I did a little video for Youtube. (My first)

I thought you all might be interested, especially if you are a Glock fan.

I did a recoil comparison between the Glock 19 and a Glock 19C. (The compensated version)

Check it out!


YouTube - ‪Glock 19c vs Glock 19‬&rlm;


----------



## deeker (Mar 3, 2011)

Windwalker7 said:


> Hey guys!
> 
> I did a little video for Youtube. (My first)
> 
> ...


 
Looks good.....not much of a glock fan....but...


Thanks for posting.


----------



## Windwalker7 (Mar 3, 2011)

Thanks for viewing!

Actually I wasn't a Glock fan either until just a few weeks ago.

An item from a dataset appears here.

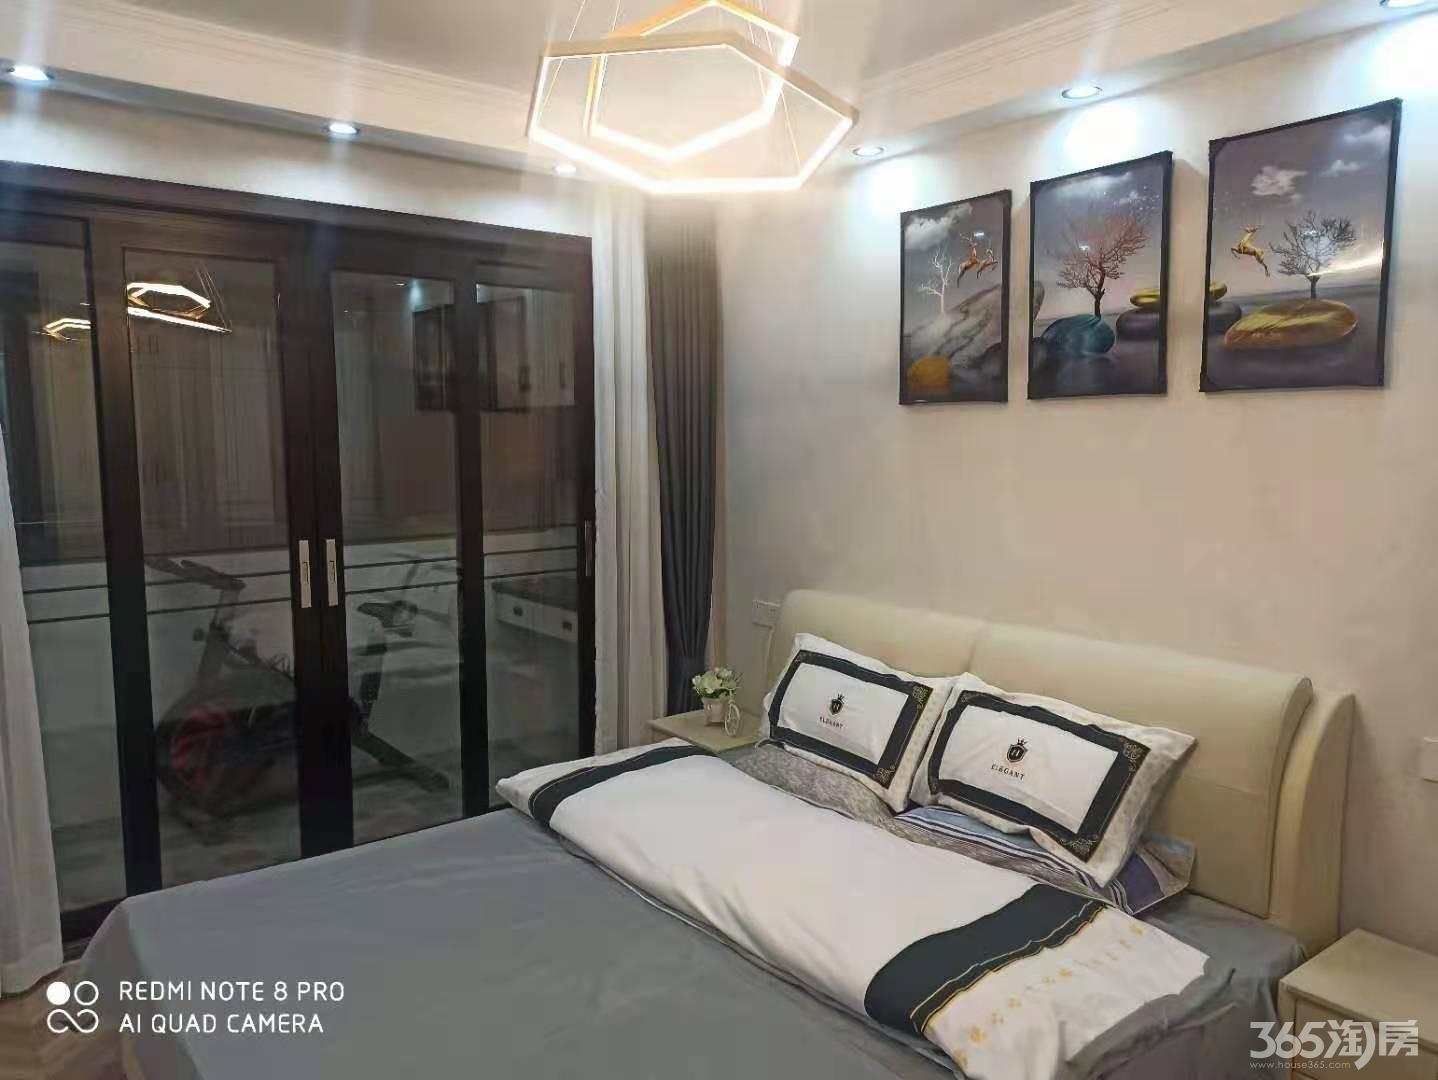 海福巷26号2室2厅1卫179万元61.85平方

Several years ago, I was in the market for a pistol for CCW. I went to several shops to handle a few different brands. I do remember holding a Glock at one time (don't recall what model) and immediately didn't like how it felt. It felt like grabbing a 2x4. I never understood all the hype about Glocks after that. I crossed that Make off my list and eventually ended up with a CZ 75BD. I really liked the way it felt and CZ's reputation was top notch.

Anyway, about a month ago, my step son bought a Glock 19. Before he bought it, I was telling him they should be called Block instead of Glock and stuff like that. He bought it anyway.

The day he brought it home and I actually held it, I started seeing things differently. It was more compact (concealable), light and felt good in my hand. 

I eventually bought the compensated version a week or so later.

I was really surprised when I shot it. I was amazed how accurated it was. I mean at 25yds I could shoot a couple magazines worth into about a 3-4 inch group with most shots making one big ragged hole.

If you haven't tried one, give them a try, I changed my mind!


----------